Bendeki duygunun saçma olduğu muhakkak. Amma ne kadar saçma ve manasız görseniz de, genç kız düşlerimin çiçek açtığı bir çağdaydım. Kendimi tartıyordum. Tastamam bir düş hayatı yaşayacağımı, galiba ta o günlerde seziyor, hiçbir sınır tanımadan neler neler düşlüyordum!

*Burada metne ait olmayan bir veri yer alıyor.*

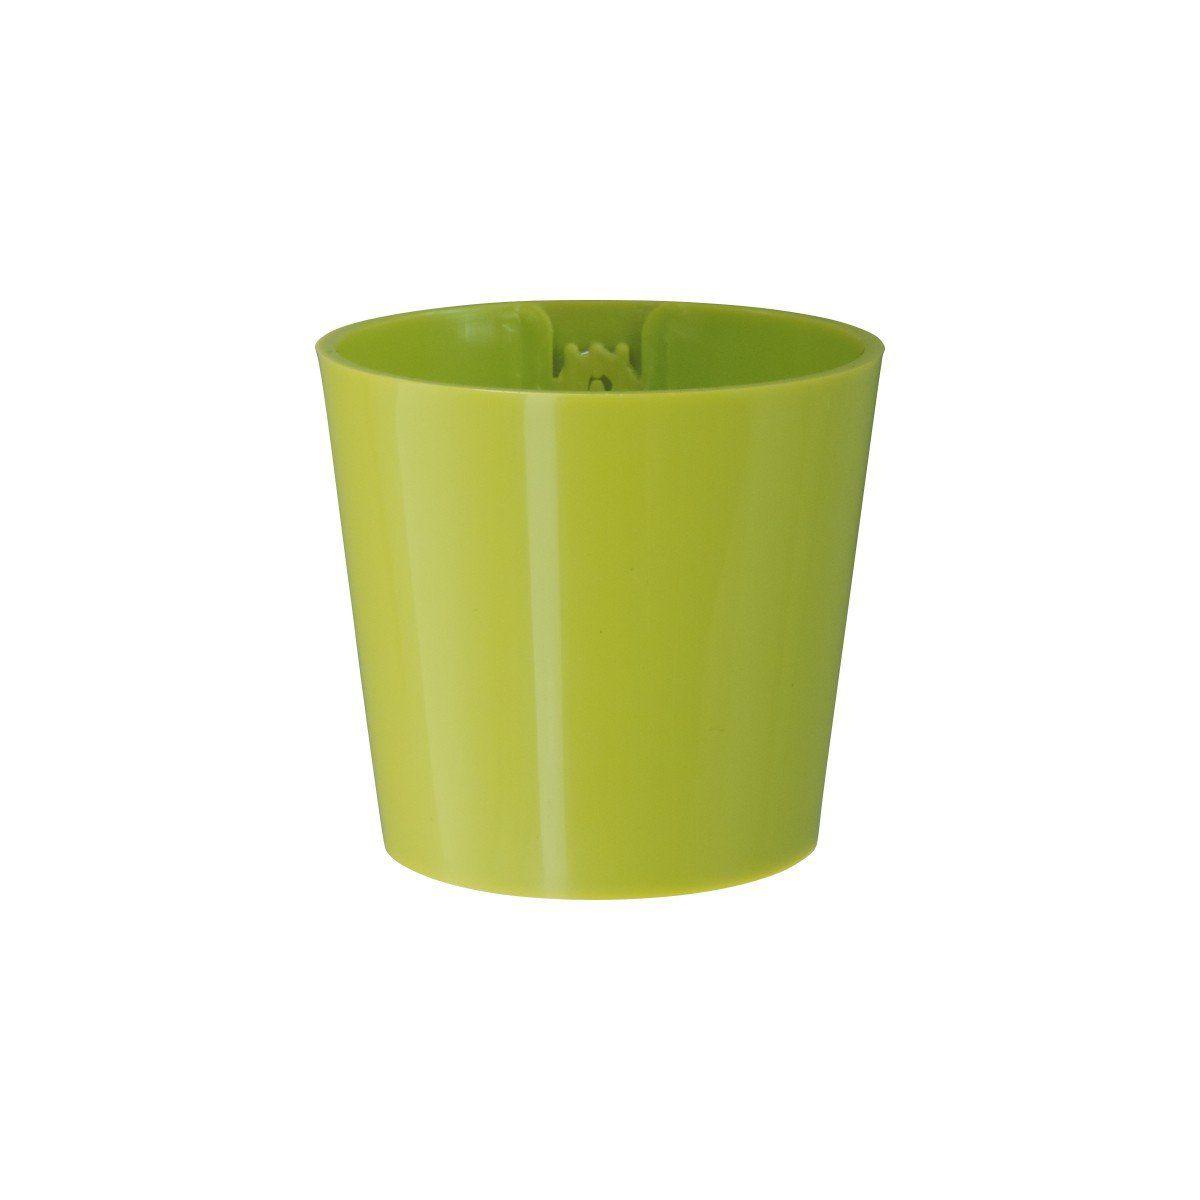 Vaso Magnético de Plástico Verde Limão 5cm x 6cm

Diğer cihetten, itiraf etmem gerekir ki, bu göklerde dolaşan halimin ilk farkına varan Yağmur ablam oldu. Onunla, bana sevecen bir alakayla bağlanan bu akıllı kızla, bir kardeşten fazla şeyler paylaşıyor, galiba sana uçuşan hislerimi de belli ediyordum. Gerçekten, karanlık, tozlu bir örümcek ağı gibi, etrafımı kaplayan insanlar içinde, benim kalbimi çözen bir tek o eşsiz kalp sahibi, Yağmur ablamdı.
Evet, ne diyordum? Artık on iki yaşındaydım ama bir tırtıl gibi çirkindim. Kara kuru, sıska bacaklarımla, topal bir leyleğe benziyordum. Amma bu çirkin tırtıl günün birinde, birçok şekillere girip çıktıktan ve çilesini doldurduktan sonra, karşına yeni baştan alacalı ve güzel renkli bir kelebek halinde çıkacak, kalbinin üstünde uçmaya ve duygudan duyguya konmaya başlayacaktı.